WHY THE STUDY WAS PERFORMED

The accurate diagnosis of rotator cuff disorders is important to determine treatment strategy. Ultrasound is operator dependent with a high interoperative variability. This study used a computer-aided tear classification system (CTC) to identify supraspinatus tears and reduce interoperator variability. Computer-aided diagnosis systems provide an objective, quantitative assessment of lesion type and grade.

HOW THE STUDY WAS PERFORMED

Data was accumulated from 136 patients. The observed cases included 89 ultrasound images of supraspinatus tendinopathy and 102 images of supraspinatus tears. Each case looked at each lesion with manual or semi-automatic segmentation. Quantitative features including texture and intensity were extracted and combined in a binary logistic regression classifier for lesion classification. All shoulders were imaged using an ALOKA alpha-6 ultrasound scanner. The acquisition frequency used an 8 MHz and a 4 cm scanning depth focusing on the supraspinatus. Forty-two of the 102 supraspinatus tears were full thickness tears. Ultrasound examinations were performed uniformly.

“The proposed computer-aided tear classification (CTC) system achieved an accuracy rate of 92%. Based on its diagnostic performance, the CTC system has promise for clinical use.”
Fig 1. Supraspinatus tendon shown in ultrasound images. (a) tendinopathy. (b) supraspinatus tear. (c) and (d) lesions contours.
Quantitative diagnosis of rotator cuff tears based on sonographic pattern recognition

INTENSITY

The grey-scale distribution of tissues in the lesion were presented by a probability distribution in the form of a histogram:

Mean: summarises the total pixel values and divides by the sum of the pixel number Variance: indicates how uniform the greyscale values are spread out Skewness: estimates symmetry of the value distribution such as bias to one side or not

Kurtosis: sharpness of a peak of a frequency distribution curve (taking normal distribution as a reference).

TEXTURE

Tendinopathies have heterogenous patterns, tears appear to have hypoechoic echogenicities.
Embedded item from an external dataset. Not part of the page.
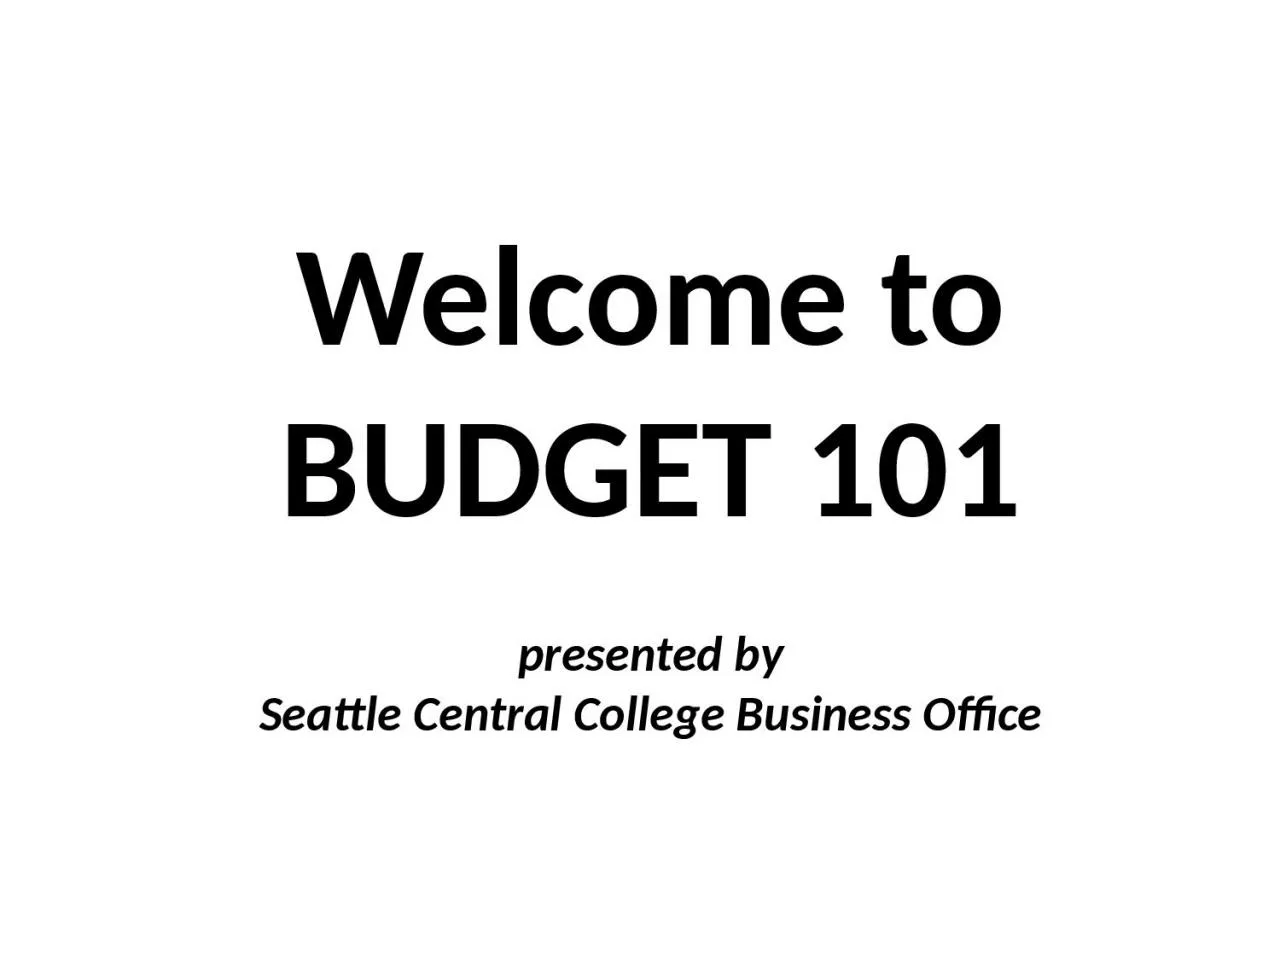 Welcome to BUDGET 101 presented by

The grey-scale intensities of echogenicities and statistical correlation between pixel values provide information for differentiation of lesion types. In this study, the grey-scale co-occurrence matrices were proposed as features. The statistics revealed correlations between adjacent pixels with a different combination of grey scales. For diagnosis, 8 levels were quantified and used for pattern interpretation.

ANALYSIS

Non-normally distributed features were evaluated with a Mann-Whitney U-test. The resulting p-values < 0.05 indicated whether a feature was significant in distinguishing between the supraspinatus tendinopathy and tear.

Tear probability = 1/(1+exp(-1x(f1 xc1+…f n xC n – constant))) f1, f n are different features which multiply different C1,Cn as coefficients. Tear classification results with probabilities higher than 50% were classified to be a tear.

WHAT THE STUDY FOUND

In the performance evaluation, each case was given a probability indicating the likelihood of tears. Cases with probability values ≥ 0.5 were classified as tears, those < 0.5 were classified as tendinopathy.

The prediction model built by a logistic regression classifier achieved an accuracy of 92% for identifying rotator cuff tears and tendinopathies with sensitivity and specificity both equalling 93%.

RELEVANCE TO CLINICAL PRACTICE

The CTC system’s high accuracy suggests it will be useful for assessing the presence of rotator cuff tears. This would enhance current diagnostic practice. The proposed CTC system performed similar performance accuracy to that of experienced operators, including musculoskeletal radiologists and orthopaedic shoulder surgeons. It is proposed that interobserver variability would be improved with the introduction of the CTC system.